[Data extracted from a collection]
[Start of Attachment]

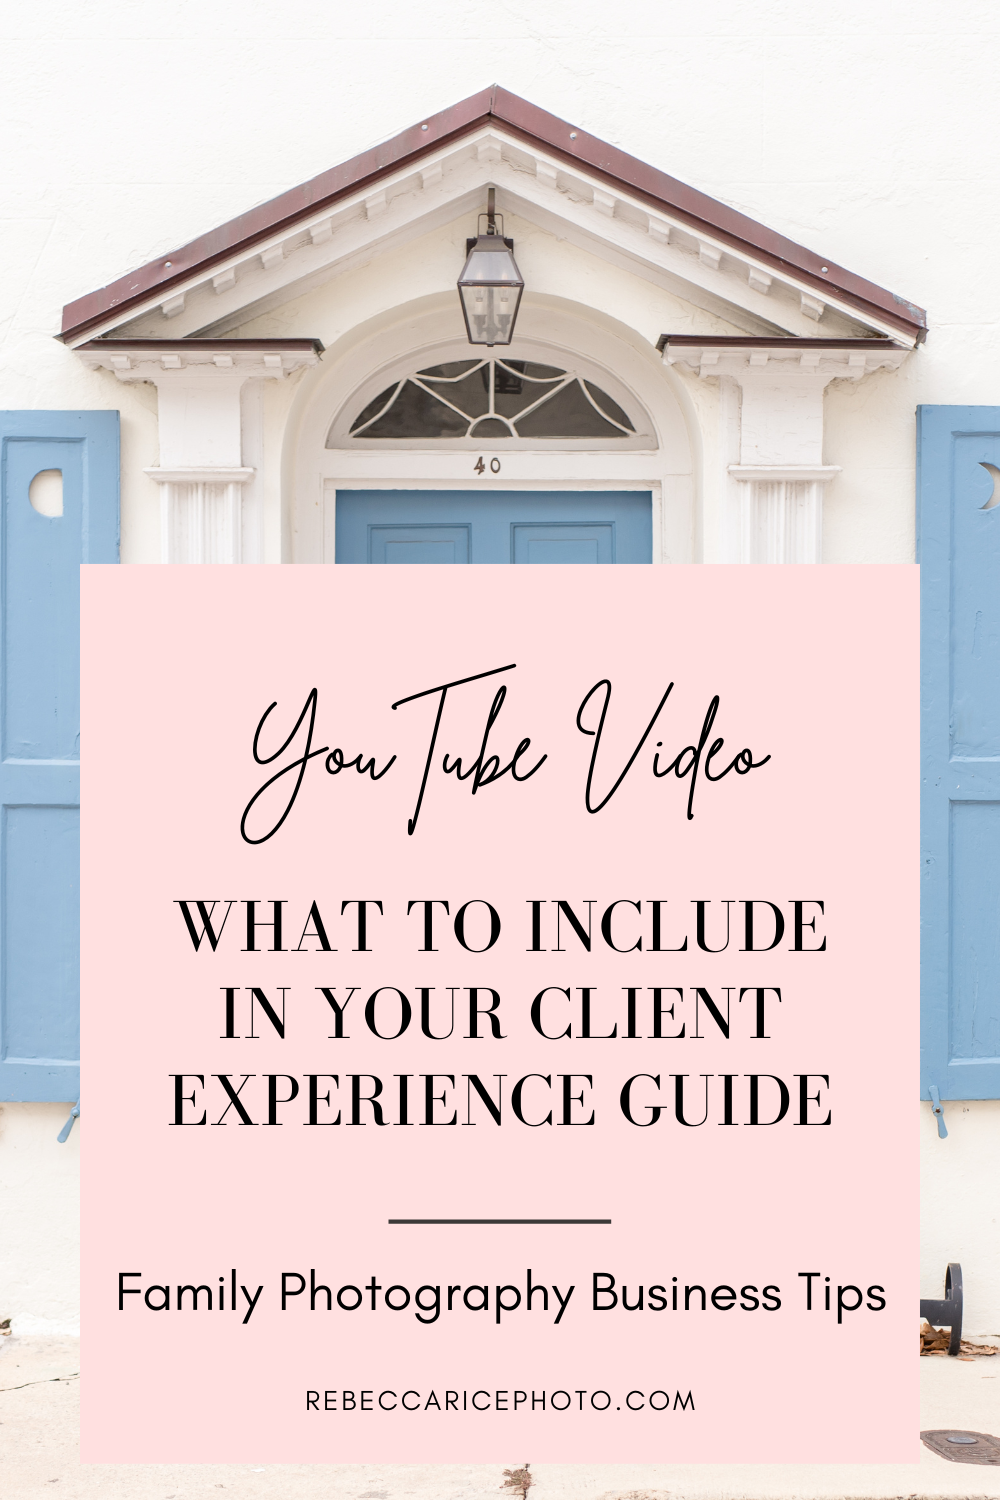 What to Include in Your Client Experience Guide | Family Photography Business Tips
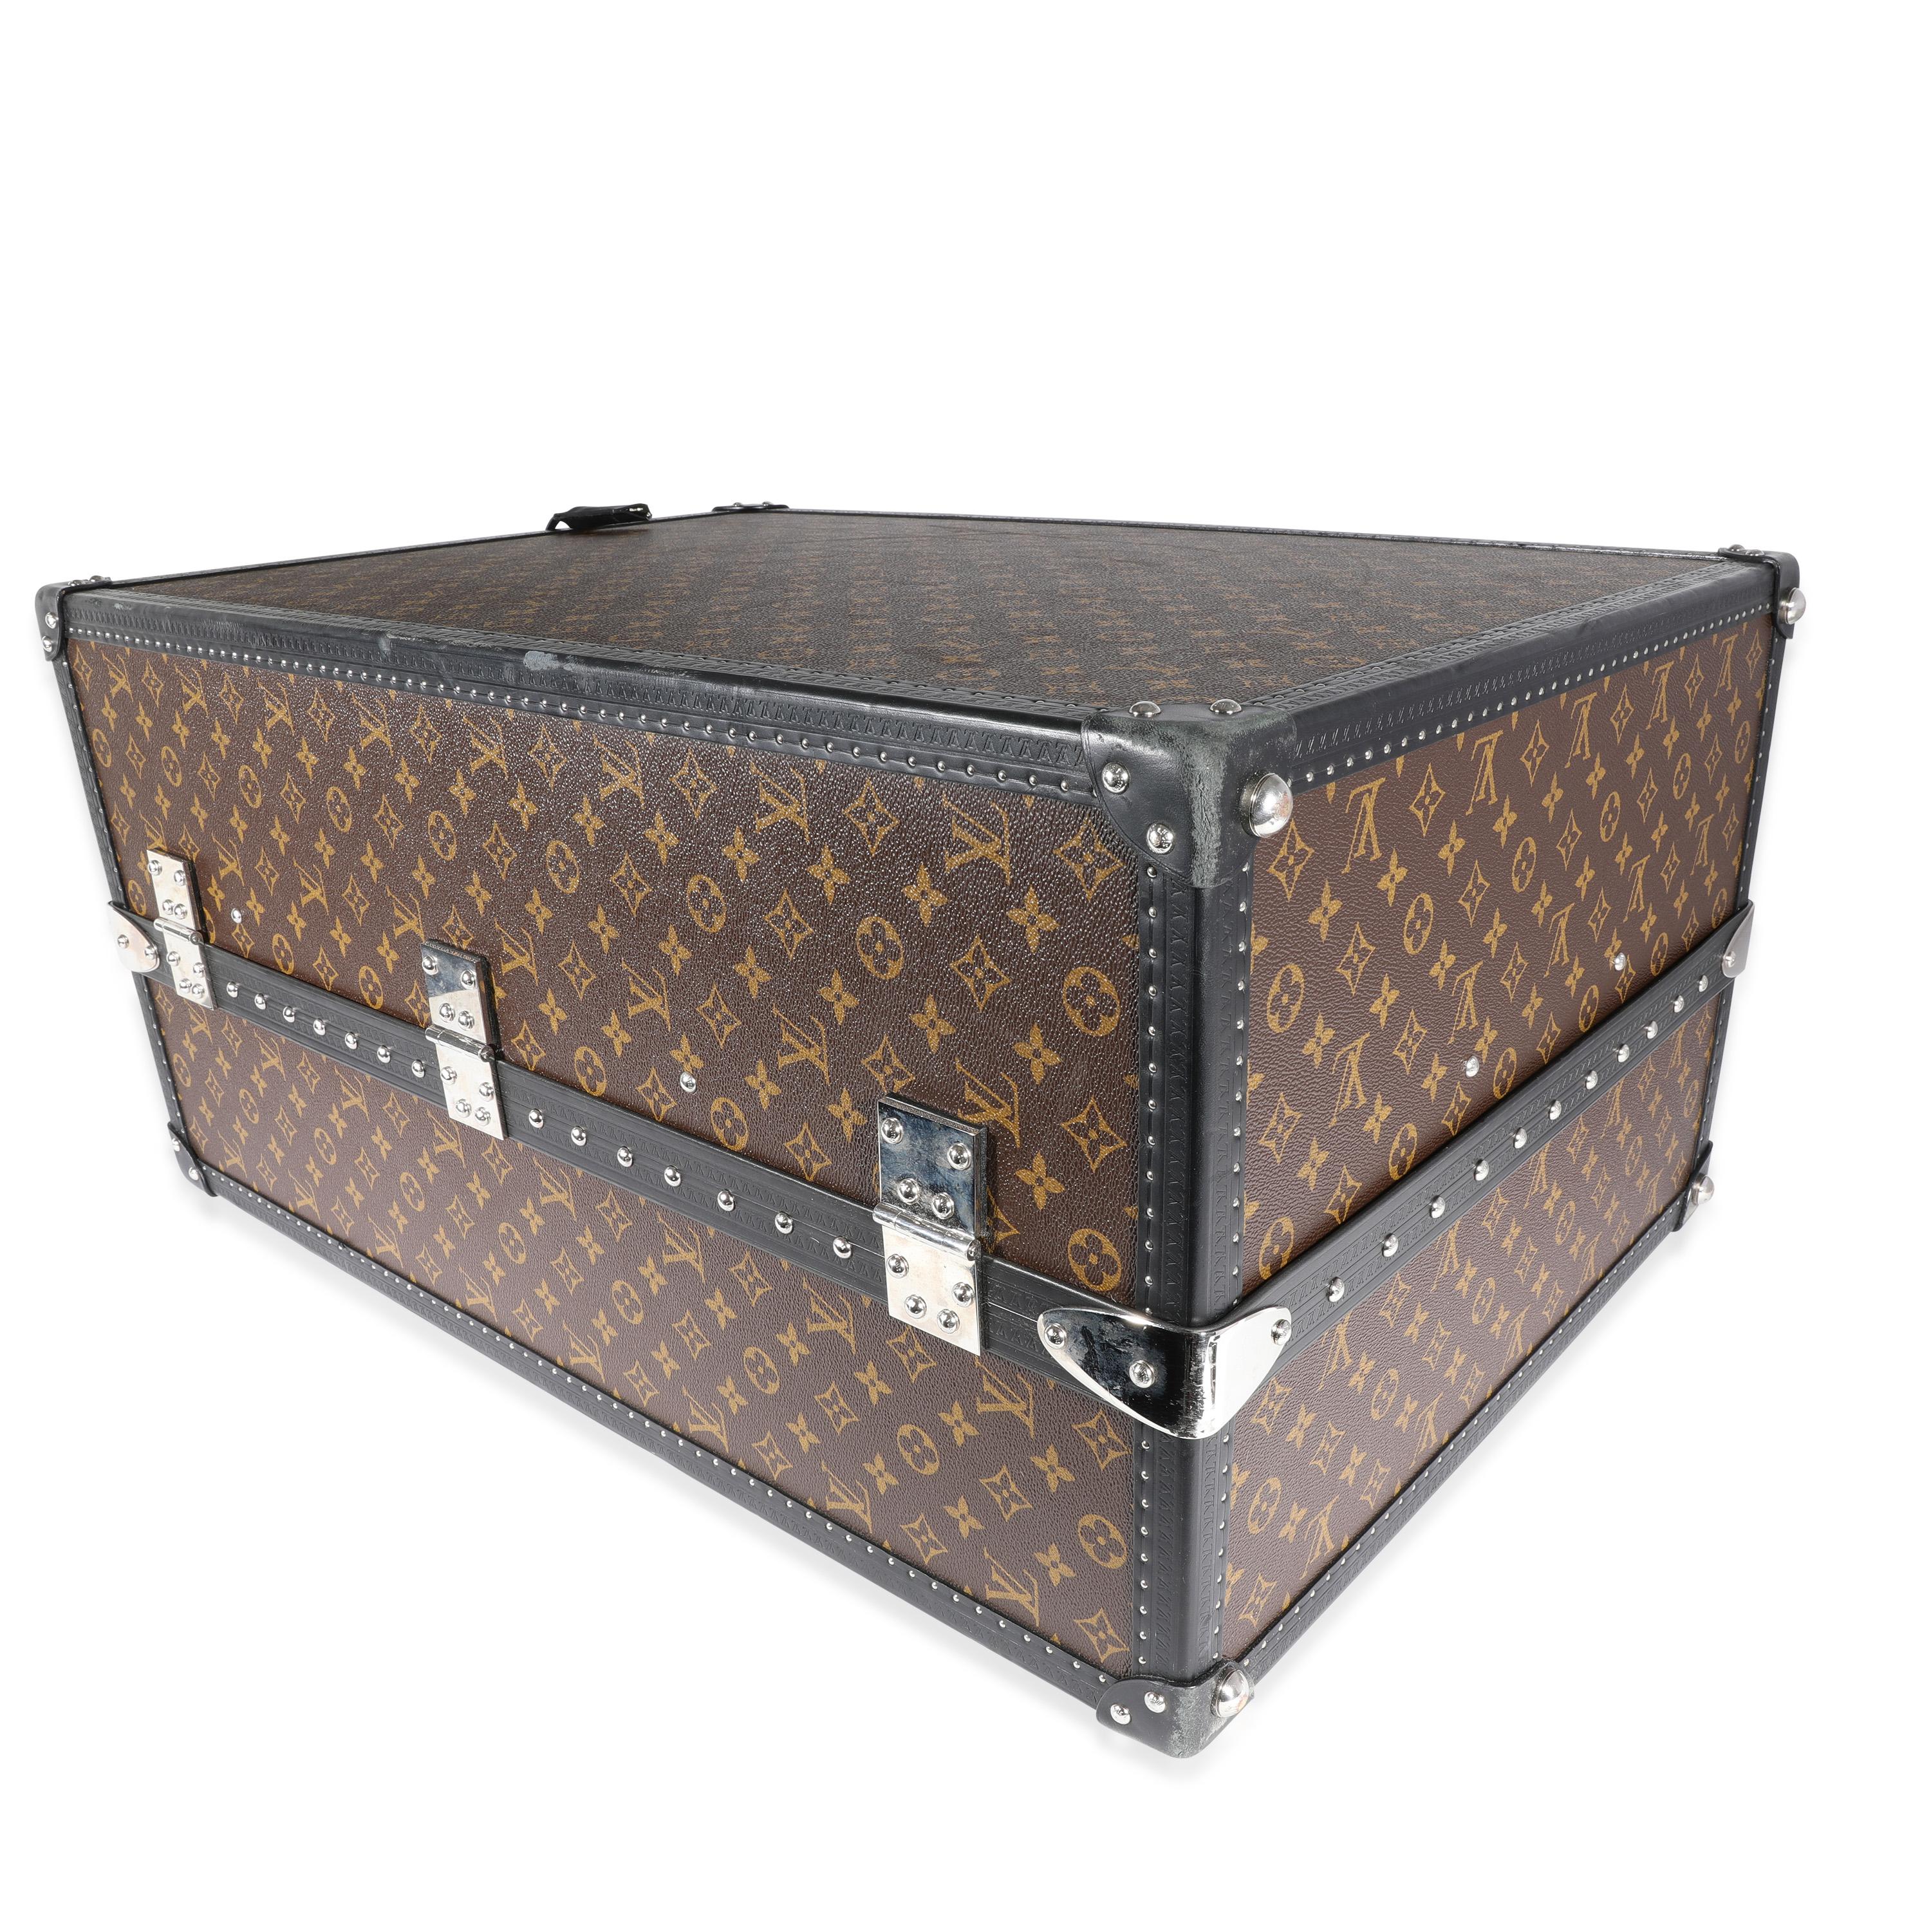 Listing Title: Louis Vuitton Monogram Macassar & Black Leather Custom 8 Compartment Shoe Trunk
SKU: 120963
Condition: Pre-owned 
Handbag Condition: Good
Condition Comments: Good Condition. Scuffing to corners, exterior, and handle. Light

[End of Attachment]

● ABOUT THIS EXERCISE: The expected response consists solely of the lines from the one with "SKU: 120963" through the end of the records, repeated exactly.

● SOLUTION TO THE PROBLEM:
SKU: 120963
Condition: Pre-owned 
Handbag Condition: Good
Condition Comments: Good Condition. Scuffing to corners, exterior, and handle. Light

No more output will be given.